As Einstein said, the only boundaries we have are those we give ourselves. Have my boundaries changed since having MC? Of course! But I'm baby-stepping my way towards a fuller life. I believe it's also true that if we can dream something, we can achieve it. Yes, even with MC. My darkest days were those where I could not dream at all. They lasted a long time. And they scared me. They were my FEAR. And I've moved past them, and you will too.
Something is still actively triggering you. I really hope you find out what it (or they) is, Gail, and when you do, those symptoms (and the fear they bring with them) will subside. And you will feel the love for yourself and love for your life again. And I for one can't wait for that to happen for you!
Hugs,
~ Holly
Sending out a big hug. I, too, am so sorry you are going through such a tough time. We've all been there, and appreciate you sharing your story. As a newbie, I'm still finding my way and obviously others here have much more experience and wisdom than I do.
Even before my actual MC diagnosis, my emotional and physical issues were so strong, and I recognized them as FEAR. When the diagnosis of MC finally came, it was almost a relief to be able to give this awful point of view in my life a name. Since then, and finding this board, I am trying each day to further separate the fear from the MC. And it is happening, little by little, and with each baby step I feel more hopeful about my life, and more empowered and determined to make it the best I can.

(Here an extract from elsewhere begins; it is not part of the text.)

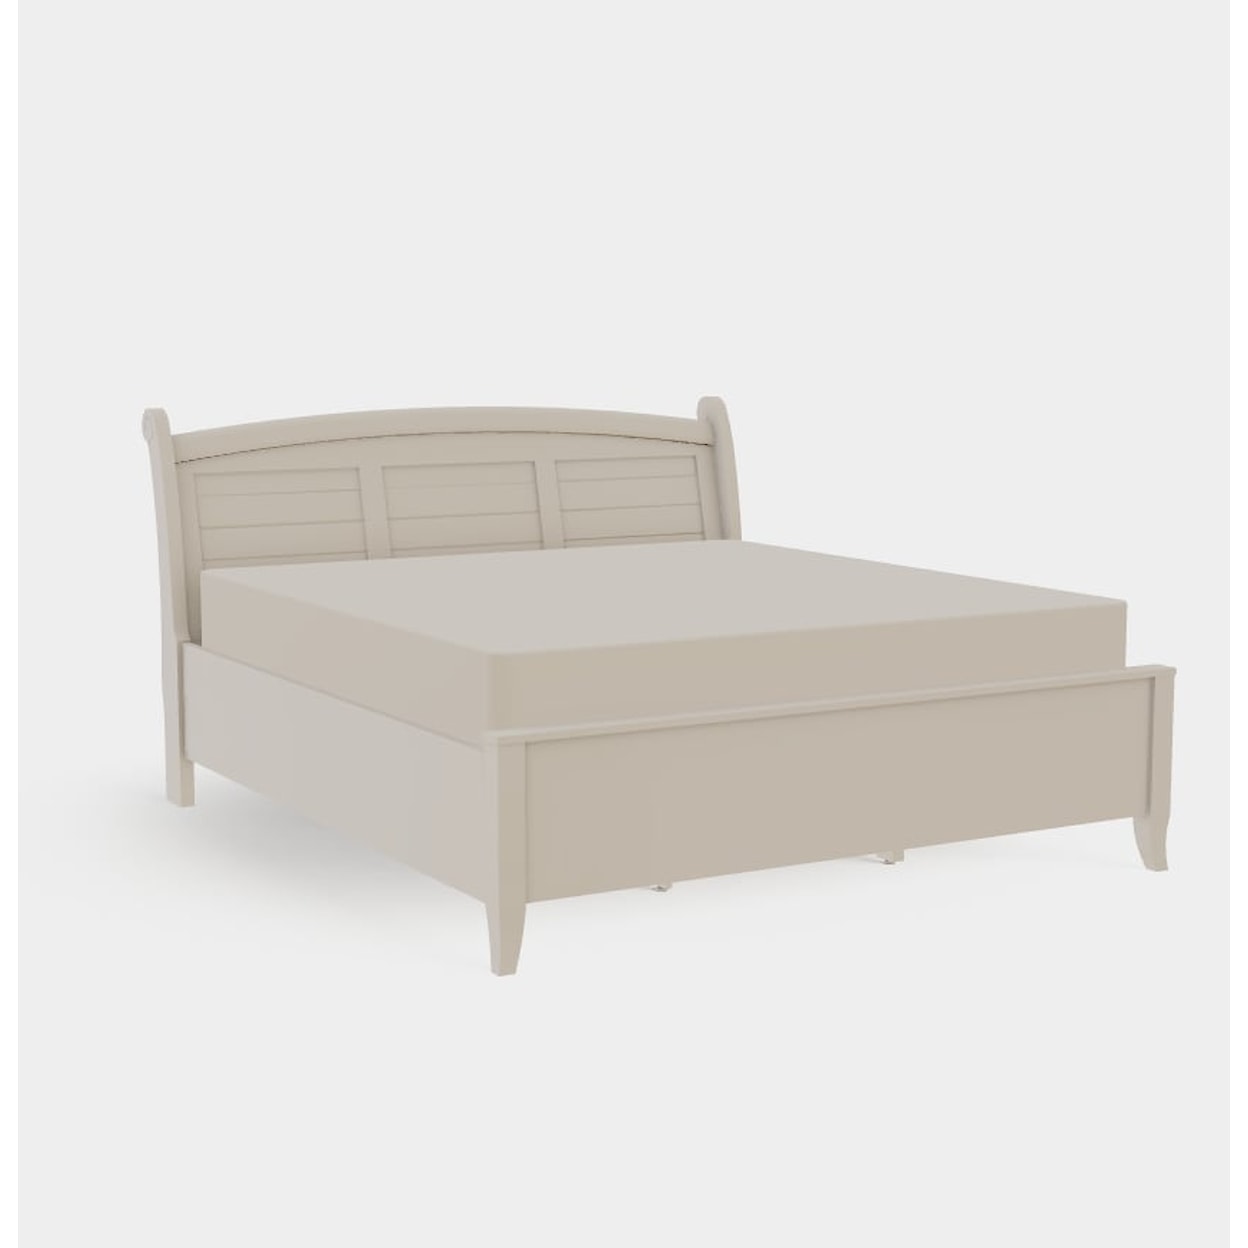 Mavin Tribeca King Arched Right Drawerside Bed

I'm not strong enough right now to be able to go to the market; fortunately for me, Safeway has an online order and home delivery service. I use that, and also order from smile.Amazon.com . I live alone and like many others here, often feel like a hermit or recluse. I have a small RV that I look out on in my front yard every day, and long to feel confident enough to go on a trip again! (After all, I could stock and cook my own food and it has a bathroom!) I'm getting closer.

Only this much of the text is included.